Energy producers could face jail time if they are caught price fixing, under a new government plan to protect consumers.
The proposals, set out by Energy Secretary Ed Davey would make manipulating the energy market a criminal offence, and would allow energy regulators to prosecute individuals they suspect of artificially setting gas and electricity rates.
Currently, energy companies can only be fined if they are caught rigging the market.
“Manipulating the energy market is absolutely unacceptable, and these proposals provide a much stronger deterrent - more in line with the approach taken in the financial markets,” said Davey.
"The government is doing everything it can to help consumers by increasing market competition to drive prices down."
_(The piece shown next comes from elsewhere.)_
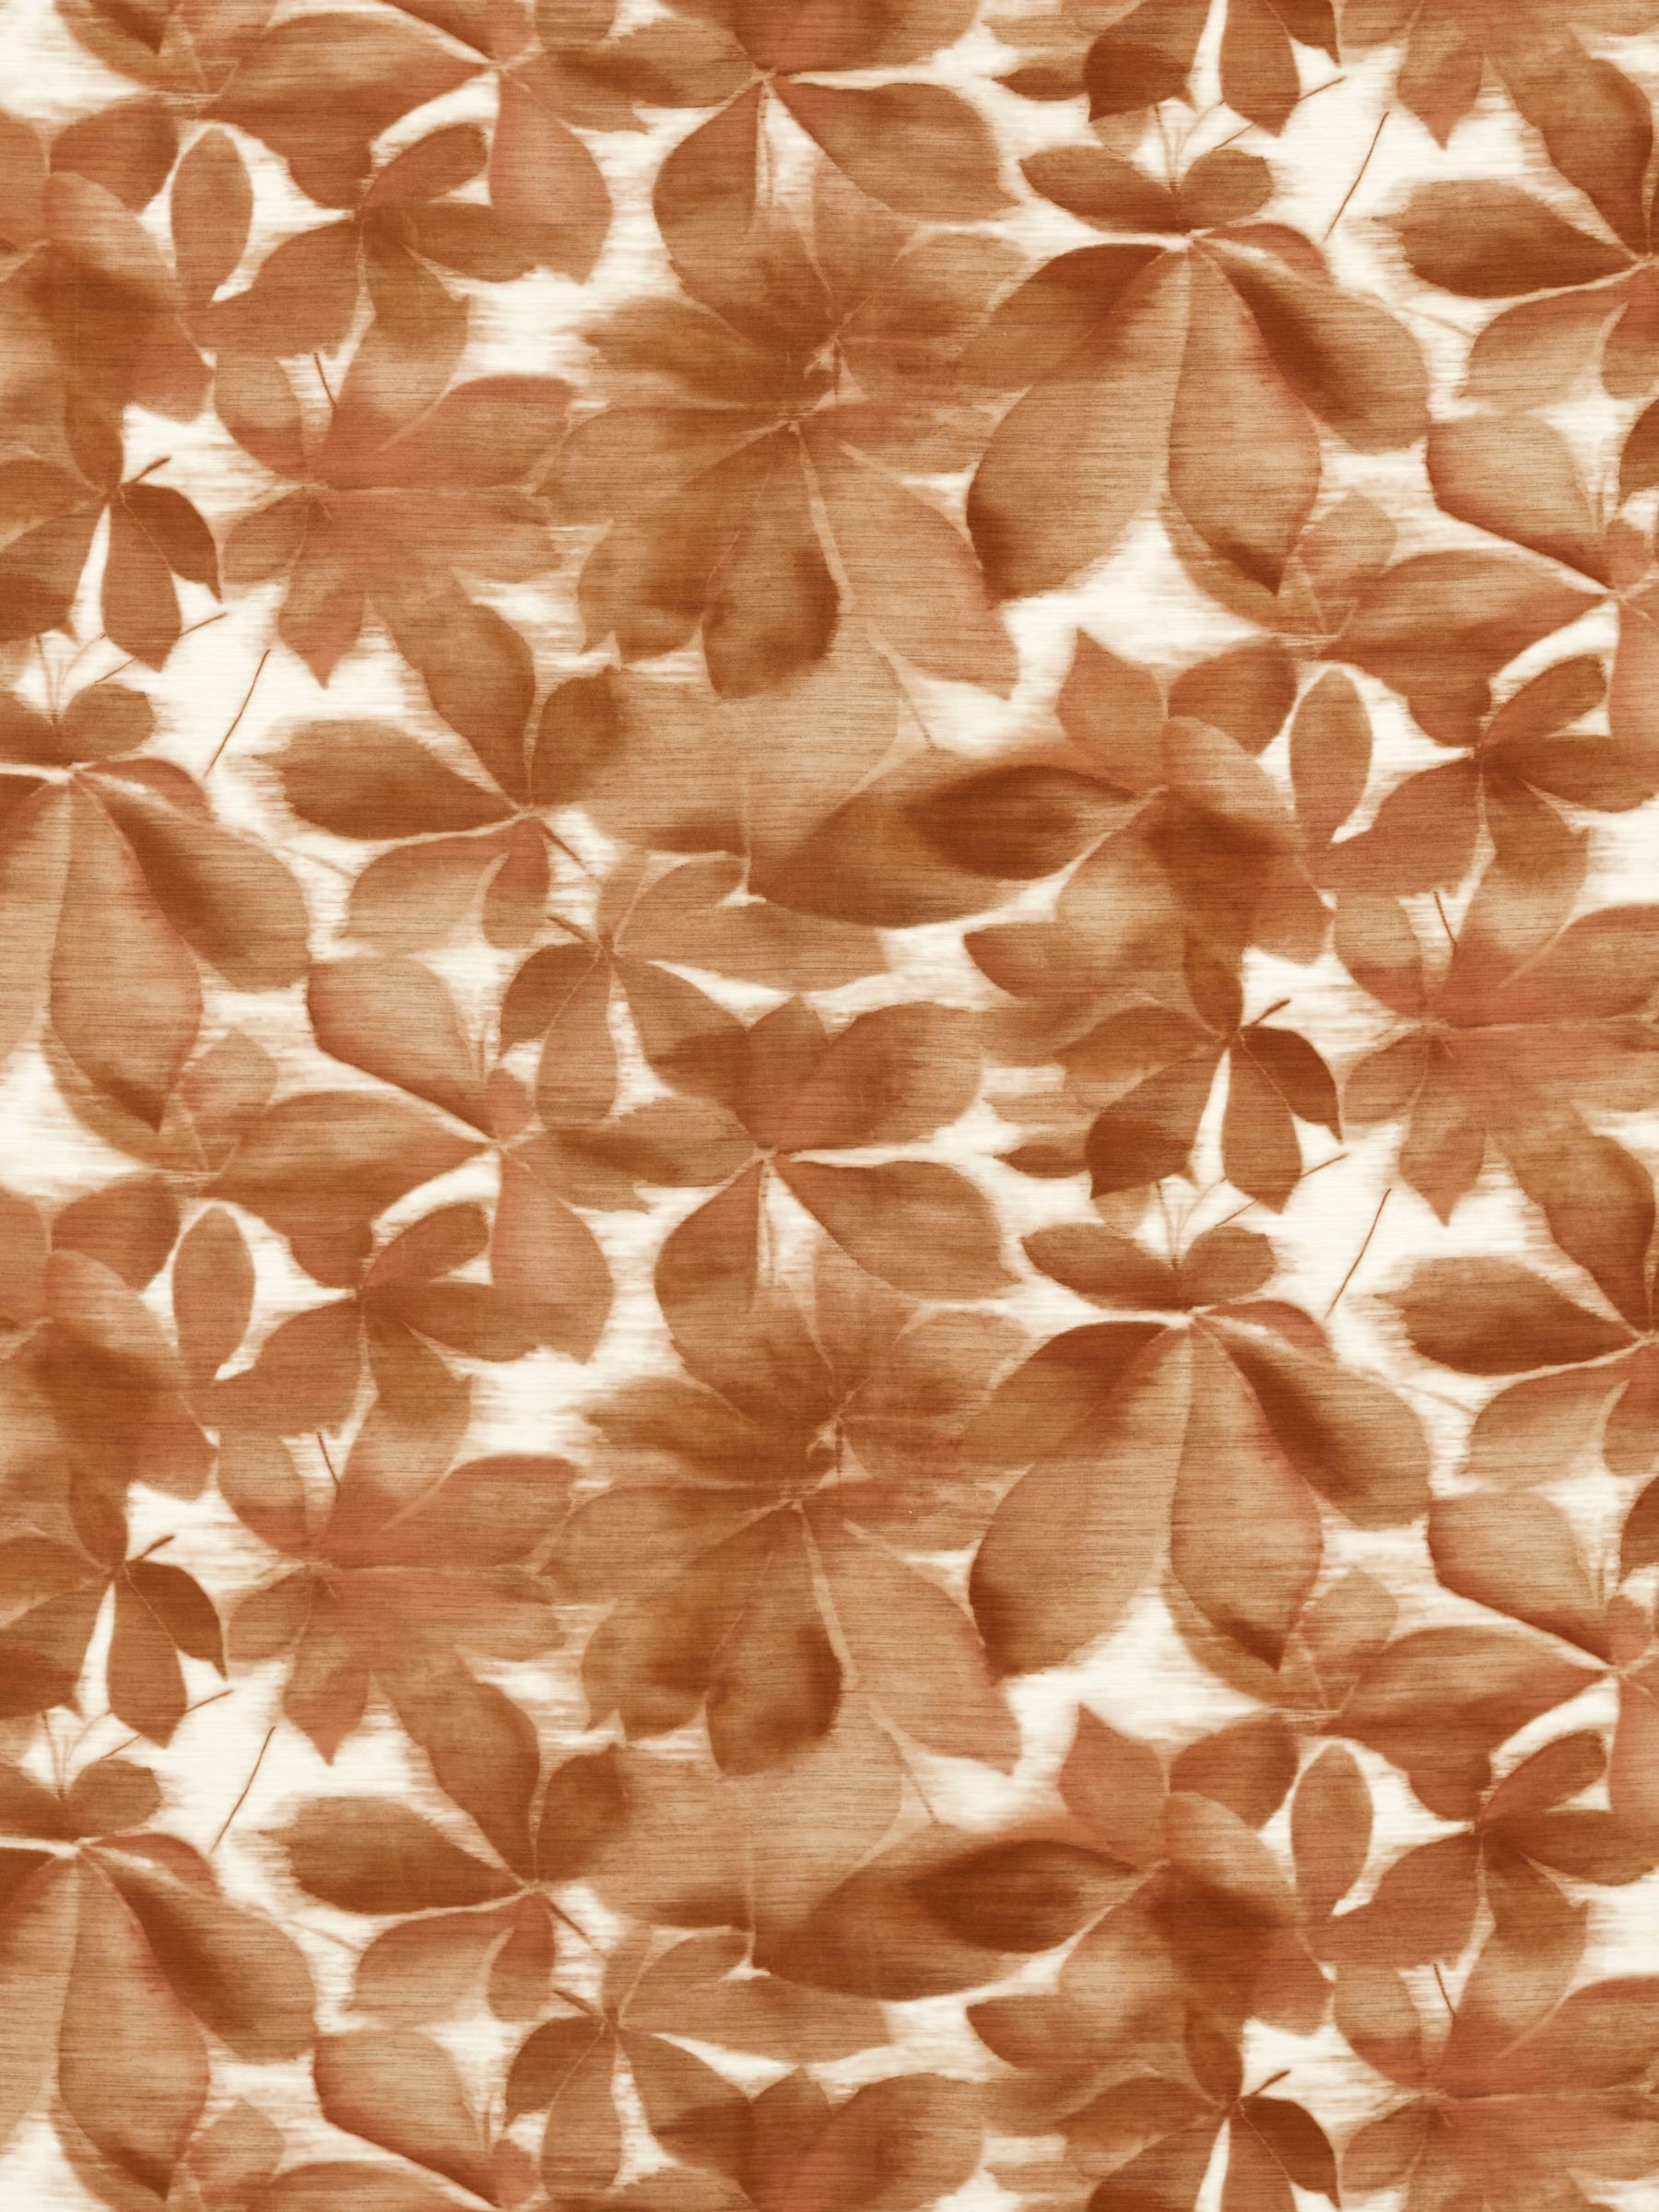 Harlequin Grounded Furnishing Fabric, Baked Terracotta/Parchment

The proposals, which may become law by 2015, would mean UK energy providers would be treated in the same way as large banks.
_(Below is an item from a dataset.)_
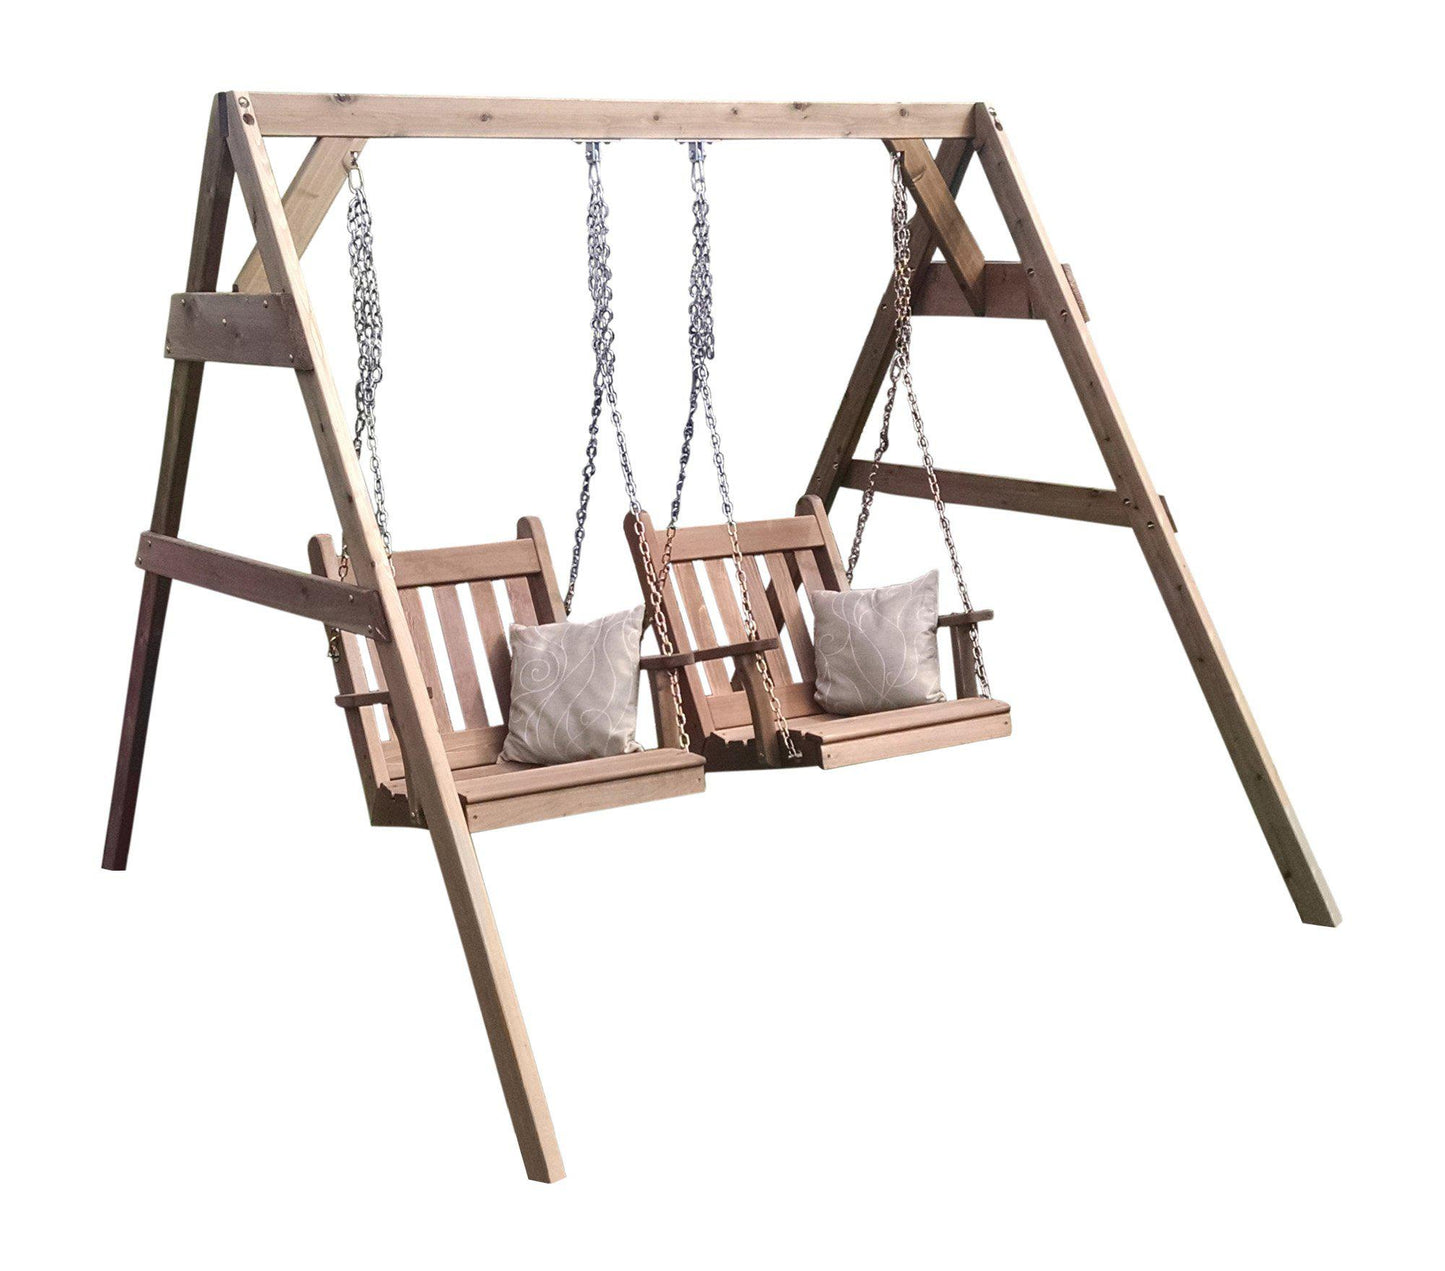 A&L Furniture CO. 5ft. 2x4 A-Frame  Red Cedar Swing Stand for 2 Chair Swings 600 lbs Max Weight Capacity (Hangers Included) - LEAD TIME TO SHIP 2 WEEKS

The UK’s energy market is currently dominated by six major suppliers: SSE, British Gas, Eon, Scottish Power, npower, and EDF Energy, all of which have announced major price increases since 2010.
Only SSE has pledged to halt further price hikes until 2016.
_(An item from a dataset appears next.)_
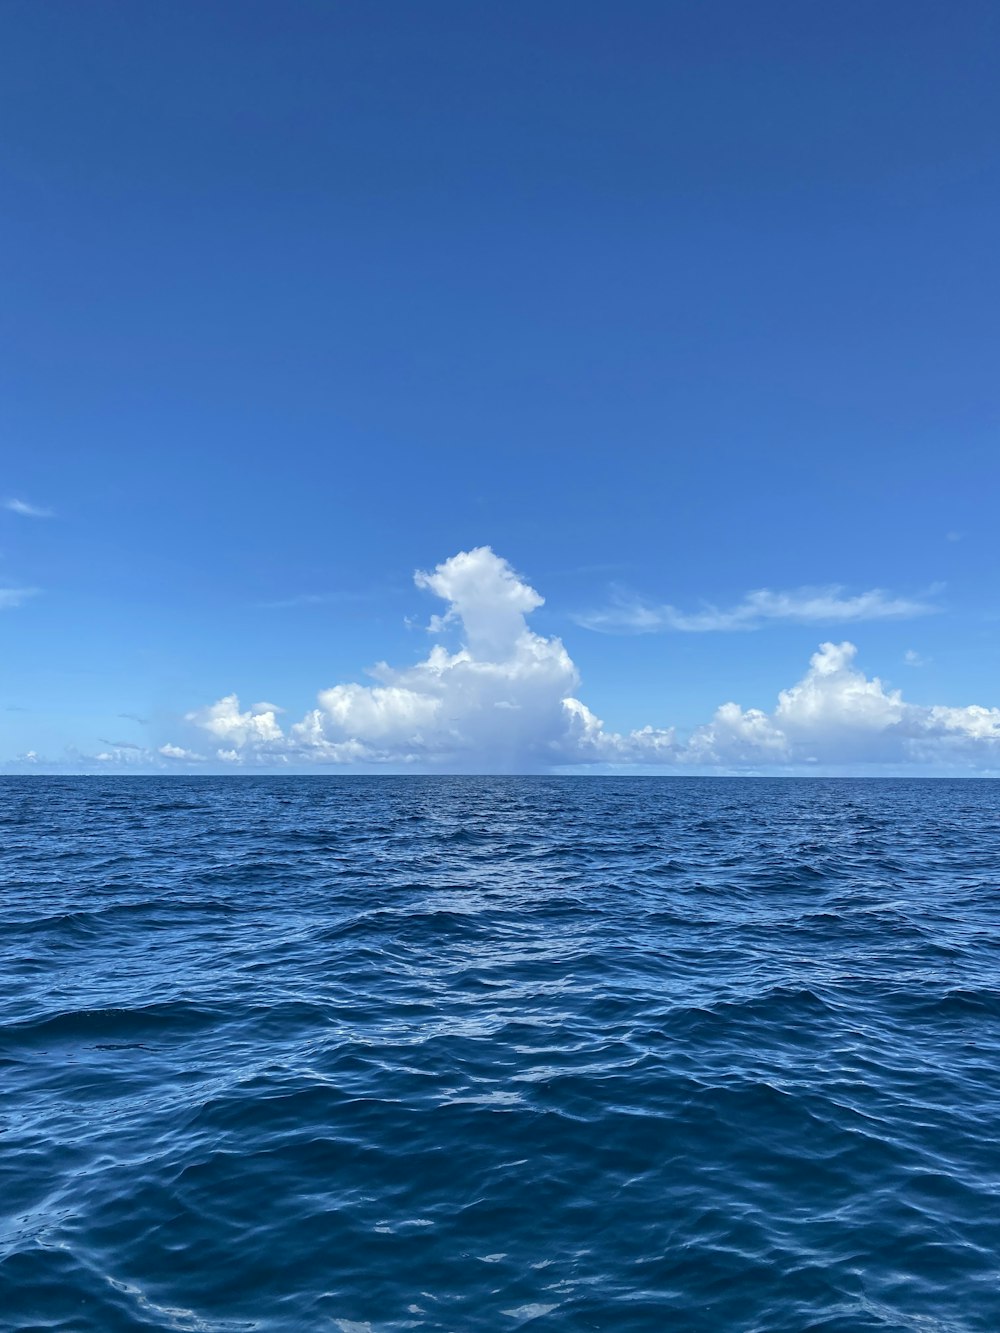 a body of water with a large cloud in the distance

The structure of the UK’s energy sector has led many analysts to suggest the companies are taking advantage of their dominance to keep prices high, in order to gain healthy profits.
The proposals come as energy prices continue to rise year-on-year, with studies show that rising energy bills were the top concern for UK households.
According to figures produced by the Citizens Advice Bureau last year, energy prices have soared by 37 percent since 2010, with costs rising at up to eight times the rate of the average household earnings.
The CAB expressed “grave concern” over the figures, and claimed it “often” saw its clients making tough decisions between “putting the heating on, clothing their children and feeding the family.”
Experts now warn that energy prices could soar even higher, with families paying an extra £130, as the big six scramble to retain their profits.
It would mean the average household fuel bill would rise to £1,450 per year – one of the highest levels in Europe.
“There is certainly a risk that price rises could come as early as September as the suppliers try to get their profits back up. Last year the first round of rises happened in October. We could see them come earlier this year,” Mark Todd, director of the website energyhelpline, told the Daily Express.
This is not the first time the UK’s energy companies have been accused of rigging market prices.
In 2012, the Financial Services Authority and Ofgem launched an investigation after whistleblower Seth Freedman told them he saw evidence that wholesale gas prices, used as the benchmark for setting domestic energy rates, were being manipulated. But after a year-long investigation, Freedman’s allegations were dismissed.
Energy UK, the body that represents the UK’s big energy suppliers, welcomed the proposals, saying they would be an “important deterrent” to restore trust between energy companies and their customers.
It urged wholesale energy markets to be more “open and transparent,” saying that anyone who breached market rules should “face the full force of the law.”